One of my favorites is Psalm 137...

Pick up the Book by Jay Adams "War Psalms of the Prince of Peace". Excellent work on the topic...




Hamalas said:


> Hey what do you guys think of the imprecatory psalms? We're going to be discussing them soon in our small group. I'm thinking particularly of like Psalms 69. Any thoughts?


----------



## Herald (Mar 10, 2008)

Ben,

Imprecatory Psalms have presented difficulty to me for years. Is it right to pray for God to smite my enemies? Should we not pray for their salvation? Does there appear to be inconsistency with God in these areas? A few thoughts...

In the Psalm you referenced (Psalm 69), David was asking God to judge those who acted against His anointed. In the now God's anointed was David. Prophetically it was Messiah. David understood the holiness of God's anointed:



> 1 Samuel 24:10 10 "Behold, this day your eyes have seen that the LORD had given you today into my hand in the cave, and some said to kill you, but my eye had pity on you; and I said, 'I will not stretch out my hand against my lord, for he is the LORD'S anointed.'



Paul often had to defend his apostleship from those who worked against him:



> 1 Corinthians 9:1-2 Am I not free? Am I not an apostle? Have I not seen Jesus our Lord? Are you not my work in the Lord? 2 If to others I am not an apostle, at least I am to you; for you are the seal of my apostleship in the Lord.



At their core imprecatory Psalms are not about the wrong done to the author but about the injustice done to God. They are about God's holiness. Consider this imprecatory passage in Galatians:



> Galatians 1:8-9 8 But even if we, or an angel from heaven, should preach to you a gospel contrary to what we have preached to you, he is to be accursed! 9 As we have said before, so I say again now, if any man is preaching to you a gospel contrary to what you received, he is to be accursed!

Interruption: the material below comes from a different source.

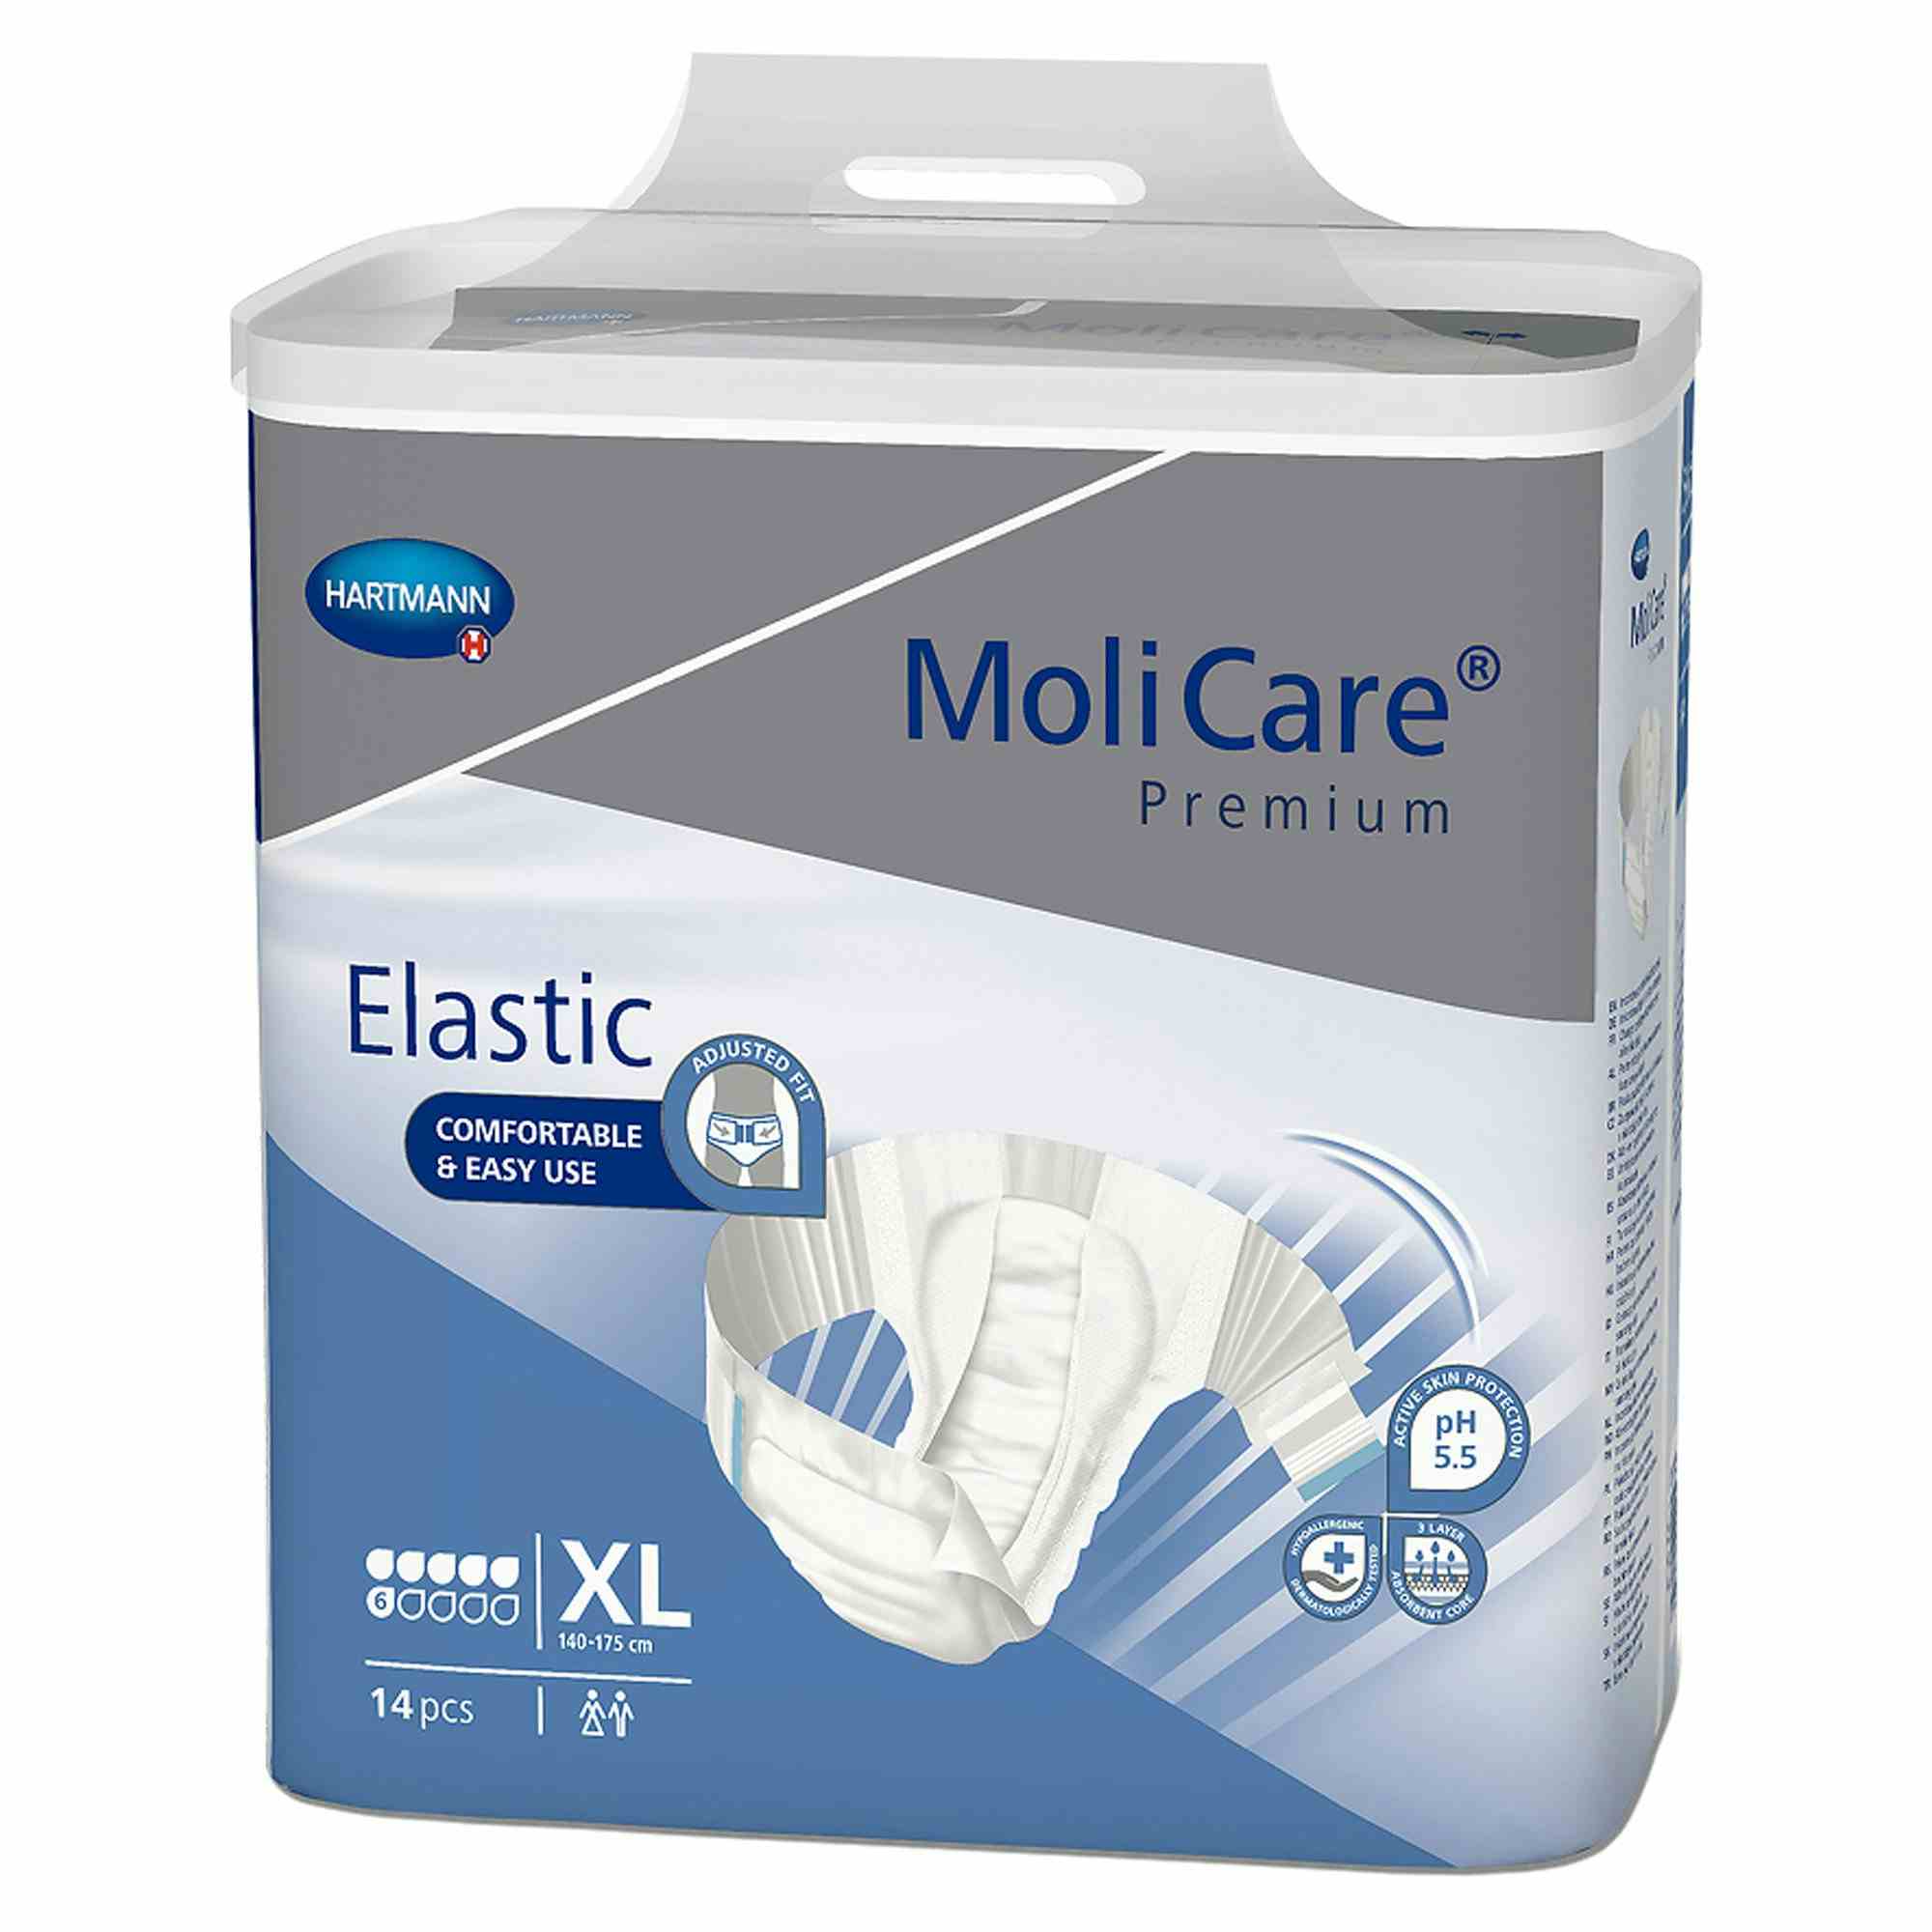 MoliCare Premium Elastic 6D Disposable Brief Adult Diapers with Tabs, Moderate Absorbency, 165274, X-Large (55-69") - Case of 56

Paul was consumed with the purity of the gospel, which is the word of God. By extension the gospel message is representative of Christ. Therefore, it is a matter of God's holiness and those that trample underfoot God's holiness or distort his word are subject to eternal anathema. 

I believe your study of the imprecatory Psalms will be worthwhile if you focus on God's holiness and that the call for God's judgment is because his holiness is disrespected by the ungodly.


----------



## Jim Johnston (Mar 10, 2008)

> Imprecatory Psalms have presented difficulty to me for years. Is it right to pray for God to smite my enemies? Should we not pray for their salvation? Does there appear to be inconsistency with God in these areas? A few thoughts...



Some of the imprecatory Psalms were against the *King* and those fellow Israelties who hunted David down. Not all were against your *enemy,* some where against your *neighbor.* A fellow covenant member.


----------



## jaybird0827 (Mar 10, 2008)

Imprecatory Psalms are imprecations against *God's* enemies.

God is glorified in restraining, conquering and judging his enemies. Thus, to sing the imprecatory Psalms is glorifying to God. It also glorifies God when we remember that we are numbered among the most worthy objects of the imprecations, and that is only by God's grace and mercy that he has dealt so mercifully with us in making us his friends.


----------



## Hamalas (Mar 10, 2008)

Tom Bombadil said:


> > Imprecatory Psalms have presented difficulty to me for years. Is it right to pray for God to smite my enemies? Should we not pray for their salvation? Does there appear to be inconsistency with God in these areas? A few thoughts...
> 
> 
> 
> Some of the imprecatory Psalms were against the *King* and those fellow Israelties who hunted David down. Not all were against your *enemy,* some where against your *neighbor.* A fellow covenant member.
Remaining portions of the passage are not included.